Answer
a. $f(0)=\sqrt 3$ and $ f(7\pi/6)=-2$ local minima, $f(\pi/6)=2$ and $f(2\pi)=\sqrt 3$ local maxima.
$f(\pi/6)= 2$ absolute maximum, $f(7\pi/6)=-2$ absolute minimum.
b. See graph and explanations.
Work Step by Step
a. Step 1. Given the function $f(x)=\sqrt 3cos(x)+sin(x), 0\leq x\lt2\pi$, we have $f'(x)=-\sqrt 3sin(x)+cos(x)$.
Step 2. The extrema happen when $f'(x)=0$, undefined, or at endpoints; thus we have $-\sqrt 3sin(x)+cos(x)=0, tan(x)=\sqrt 3/3$ and the critical points within the domain are $x=0, \pi/6, 7\pi/6,2 \pi$.
Step 3. We have $f(0)=\sqrt 3, f(\pi/6)=\sqrt 3cos(\pi/6)+sin(\pi/6)=2, f(7\pi/6)=-2, f(2\pi)=\sqrt 3$. Test signs of $f'(x)$ across critical points $(0).. (+)..(\pi/6)..(-)..(7\pi/6)..(+)..(2\pi)$; thus we have $f(0)=\sqrt 3$ and $ f(7\pi/6)=-2$ as local minima, $f(\pi/6)=2$ and $f(2\pi)=\sqrt 3$ as local maxima.
Step 4. We can identify that $f(\pi/6)= 2$ is an absolute maximum and $f(7\pi/6)=-2$ is an absolute minimum.
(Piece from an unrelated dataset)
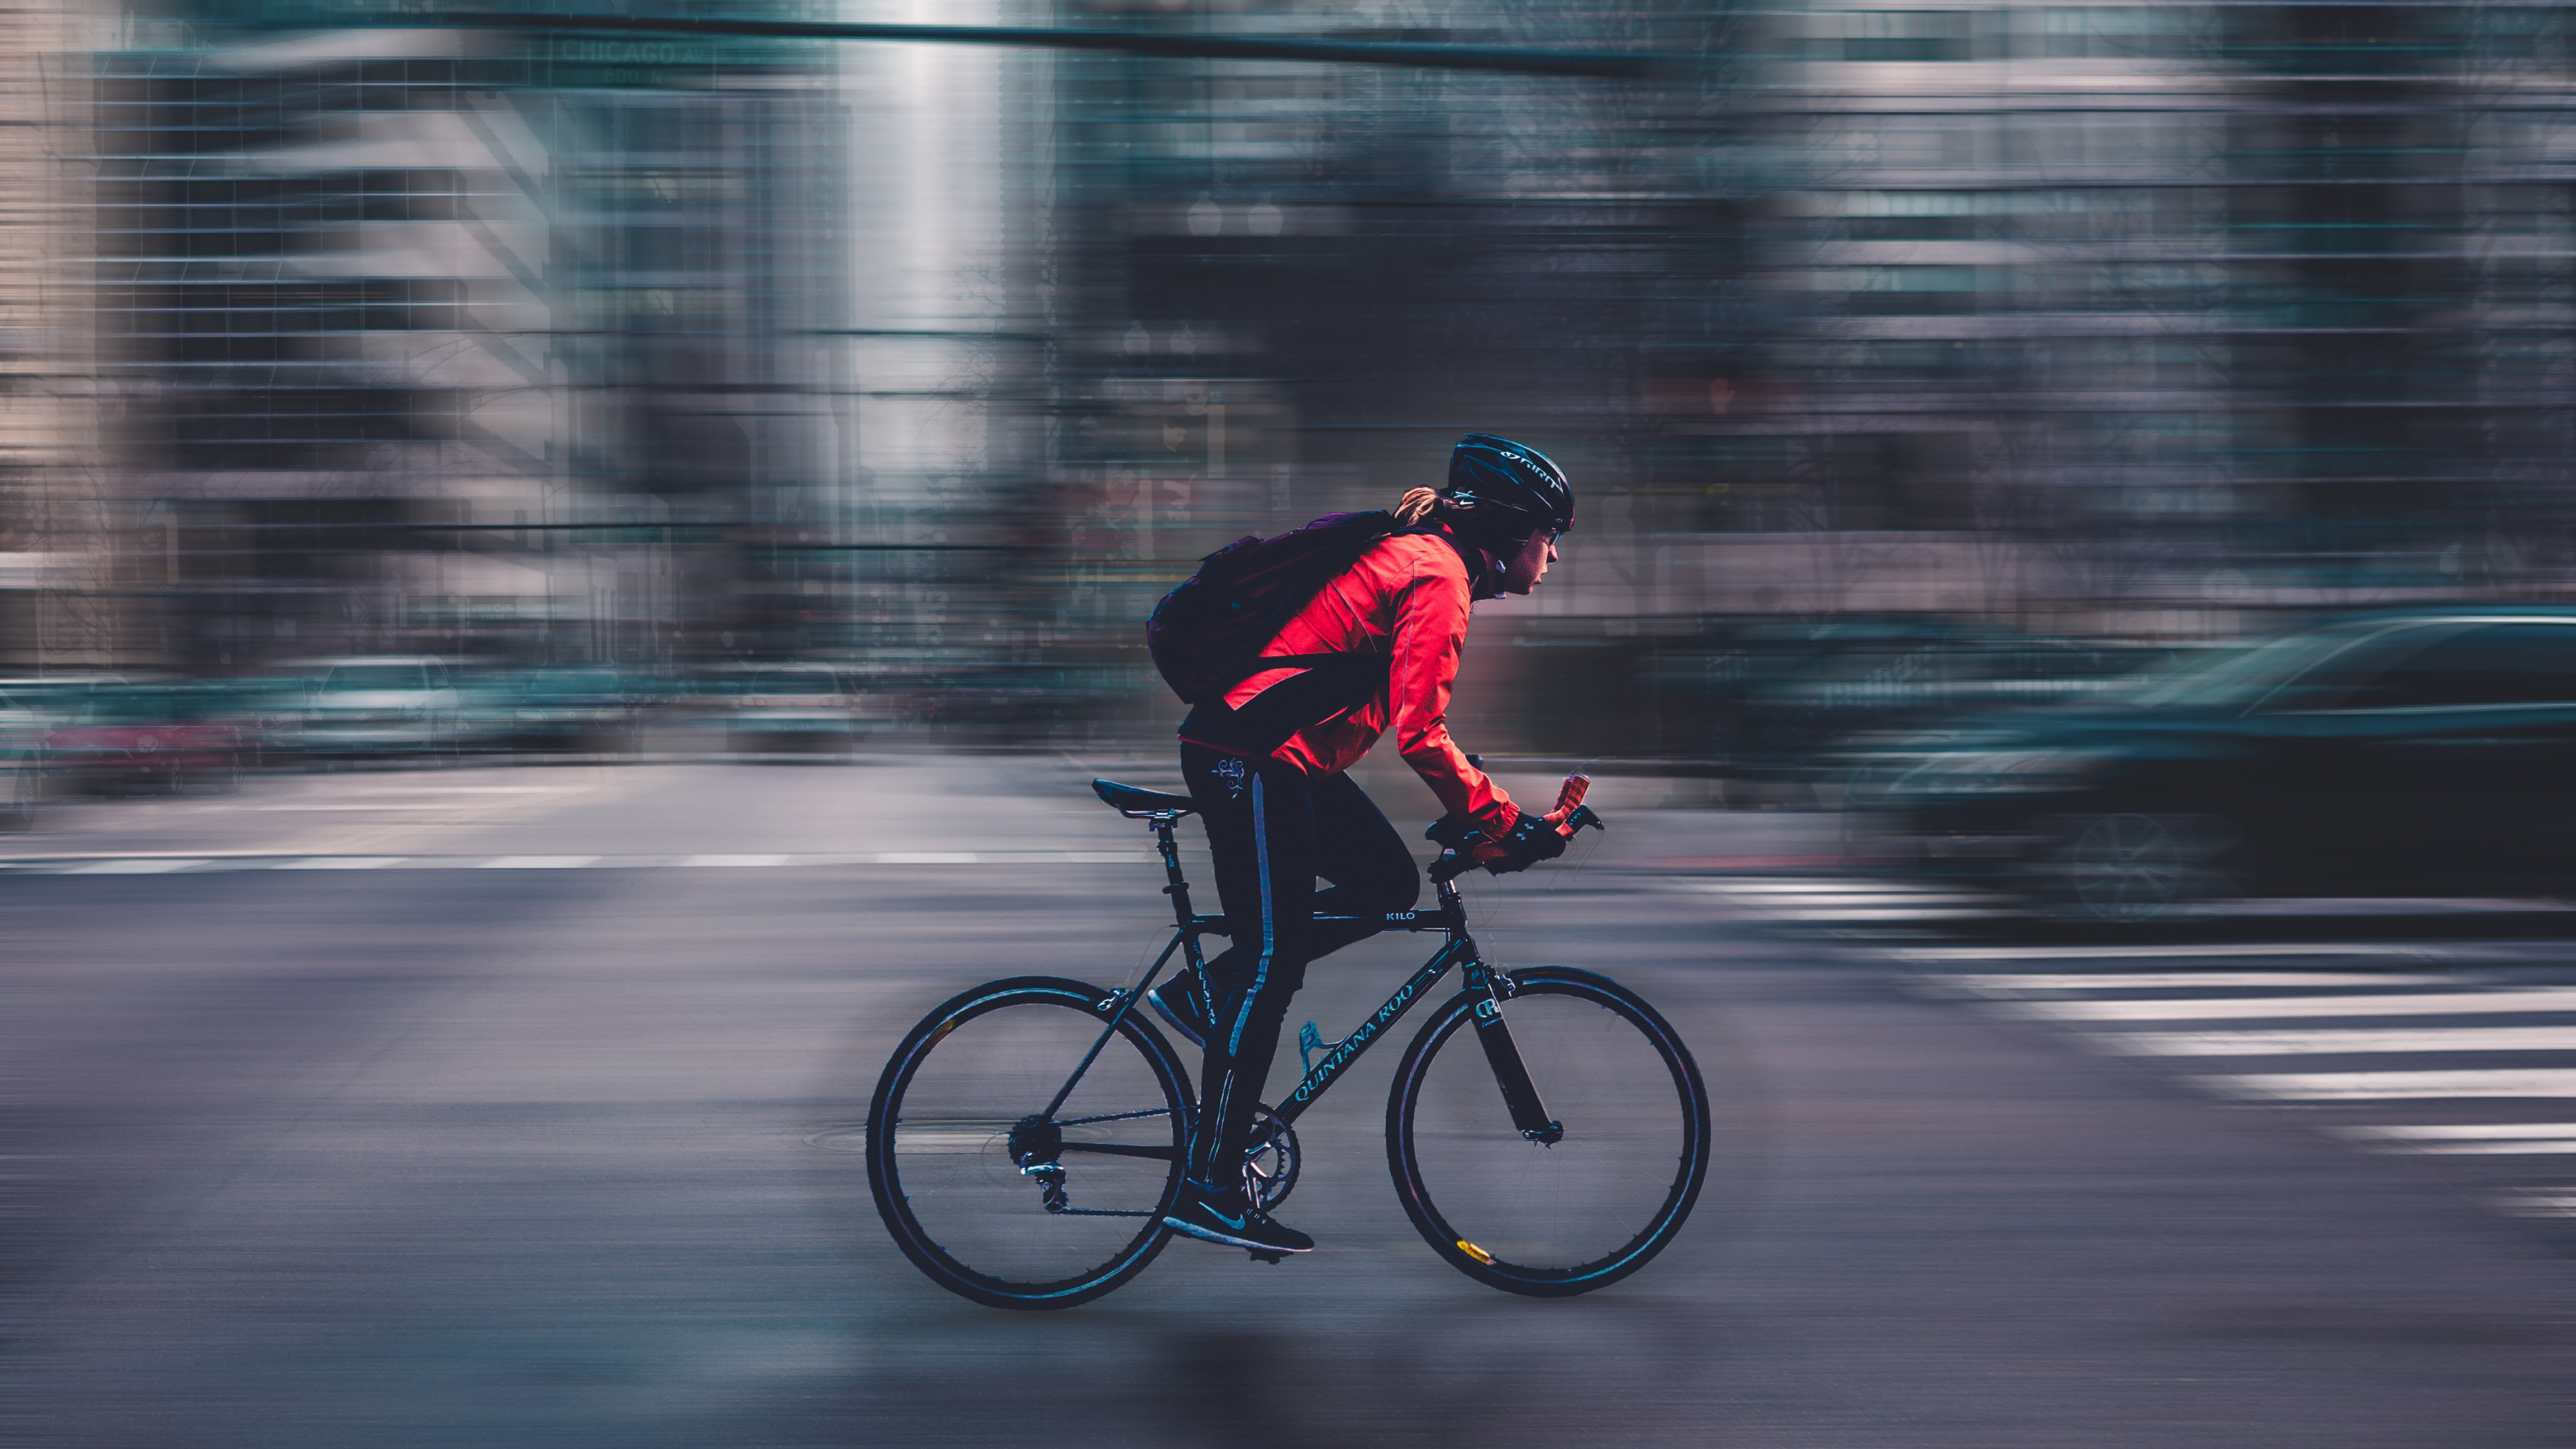 Hombre de Chaqueta Roja Montando Bicicleta en la Carretera Durante el Día. Wallpaper in 3840x2160 Resolution

b. See graph. We can see that when $f'\lt0$, $f$ decreases; while when $f'\gt0$, $f$ increases (both with the tangent slopes corresponding to the values of $f'$). When $f'=0$, $f$ will be at an extrema with tangent slopes of zero. We can also observe the change of signs in $f'$ on different sides of critical points where $f'=0$.